Training and Development

You can certainly use your QRA team to provide quantitative training material and even actual training delivery. But the goal here is to build its DNA at various layers of the broader organization. This is similar to building general security DNA in engineering and IT teams (we assume you do this already). You can only hire so many QRA folks—they are rare, expensive, and prone to flight due to demand. You need to build tools and skills broadly if you are to fight the good fight with the bad guys. You will need a leader for this function and a content and delivery team. Using technology to deliver is key for large, distributed organizations.

Analytics Technology

This will be the most expensive and operationally intensive function. It presupposes big data, stream analytics, and cloud‐deployed solutions to support myriad analytics outcomes. The analytics team will manage the movement of large swaths of data and the appropriate deployment of telemetry into systems. If you have any hope of implementing the practices from Chapter 11 in an agile manner, this is the group to do it. This group consists of systems engineers, big data database administrators, programmers, and the like. It is an optimized IT organization focused on analytic outcomes.

Program Management

When an activity involves multiple functions across multiple organizations, it's a program. The CSRM function typically will be deployed to a variety of organizations. The QRA team will be the technical face, but tying everything together—from engagement to training and development to technology—is a program management function. No need to go overboard on this one, but don't skimp on program management; you will fail if you do.

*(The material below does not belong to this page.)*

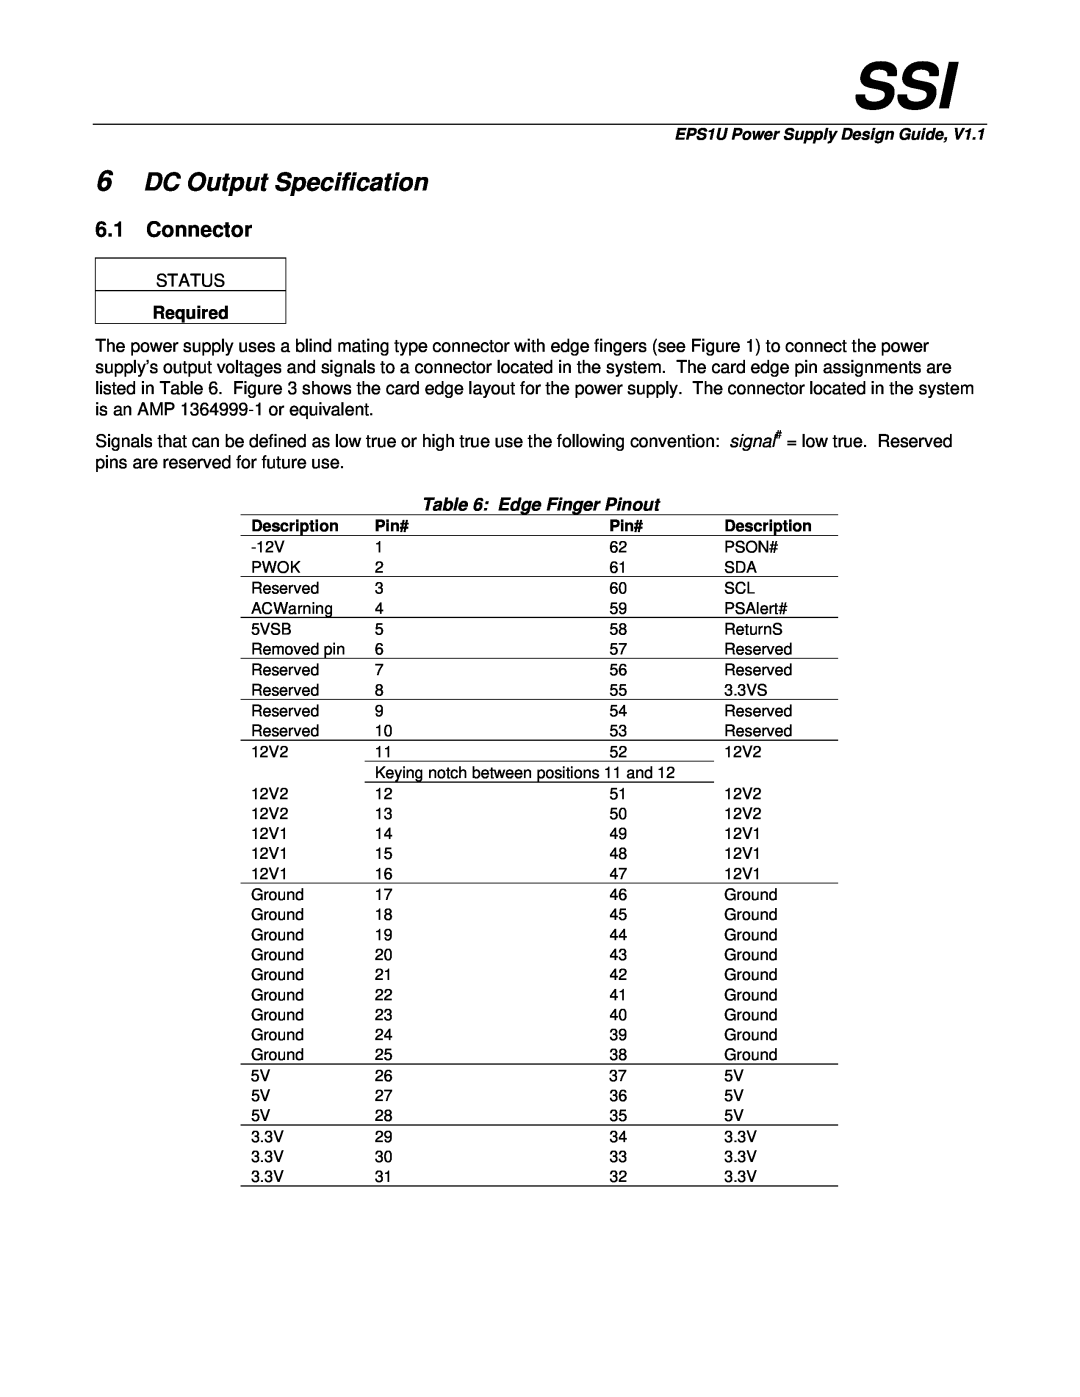 Intel EPS1U manual DC Output Specification, Connector, Edge Finger Pinout

We could have gone deep on every single role and function, building out various matrices, job descriptions, Gantt charts, and the like. That is not necessary. All the practices revealed throughout this book provide a glimpse into the core content of a larger cybersecurity risk management function. The roles and responsibilities have some flexibility. You can start lean‐targeting one or two projects just using the spreadsheets provided. But if you are serious about fighting the bad guys with analytics, then you need a plan. Start by identifying where you are on the maturity model provided in the beginning of Part III. Then chart a course to build both the skills and organization that lead to prescriptive analytics capability. Having a plan removes a key roadblock to success; as Benjamin Franklin said, “Those who fail to plan, plan to fail!”

While there are many potential barriers to success such as failed planning, there is one institutional barrier that can obstruct quantitative analysis: compliance audits. In theory, audits should help ensure the right thing is occurring at the right time and in the right way. To that extent, we think audits are fantastic. What makes compliance audits a challenge is when risk management functions focus on managing to an audit as opposed to managing to actual risks. Perhaps this is why the CEO of Target was shocked when they had their breach; he went on record claiming they were compliant to the PCI (payment card industry) standard. That is compliance versus risk‐management mindset, and it is a deadly error in the face of our foes.

What if there was an audit function that assessed—actually measured—the effectiveness of risk management approaches? That is, would it determine the actual impact on risk reduction of soft methods versus quantitative methods? And what if scoring algorithms were put to the test? Of course, advanced methods such as Monte Carlo simulations, beta distributions, and the like would also need to be tested. Good! Again, we think one of the reasons we lose is because of untested soft methods.

There is, however, a risk that this will backfire. For example, what if methods that were predicated on measuring uncertainty got audited because they were viewed as novel, but methods using risk matrices, ordinal scales, and scoring systems got a pass? That would become a negative incentive to adopting quantitative methods. Unfortunately, this is a reality in at least one industry, as described hereafter. We bring it up here as an example of compliance audit gone wild in a nefarious manner that could have a profound negative impact on cybersecurity risk management.

Getting Audit to Audit

Audit plays a key role in ensuring quality of risk models, especially in heavily regulated industries such as banking and insurance. If new quantitative models are developed that have any influence at all on financial transactions, then audit is a necessary checkpoint to make sure that models don't have unintended consequences—possibly as a result of simple errors buried in complex formulae. Such scrutiny should be applied to any model proposed for financial transactions and certainly for decisions regarding the exposure of the organization to risks such as market uncertainty and cyberattacks.

Auditors might get excited when they see a model that involves more advanced math. The auditors have been there at one point in their careers. It's interesting to finally get to use something for which so much study and time was spent mastering. So they will eagerly dive into a model that has some statistics and maybe a Monte Carlo simulation—as they should. If the method claims to be based on some scientific research they haven't heard of, they should demand to see reference to that research. If the model is complex enough, perhaps the audit ought to be done twice on each calculation by different people. If an error is found, then any modeler whose primary interest is quality should happily fix it.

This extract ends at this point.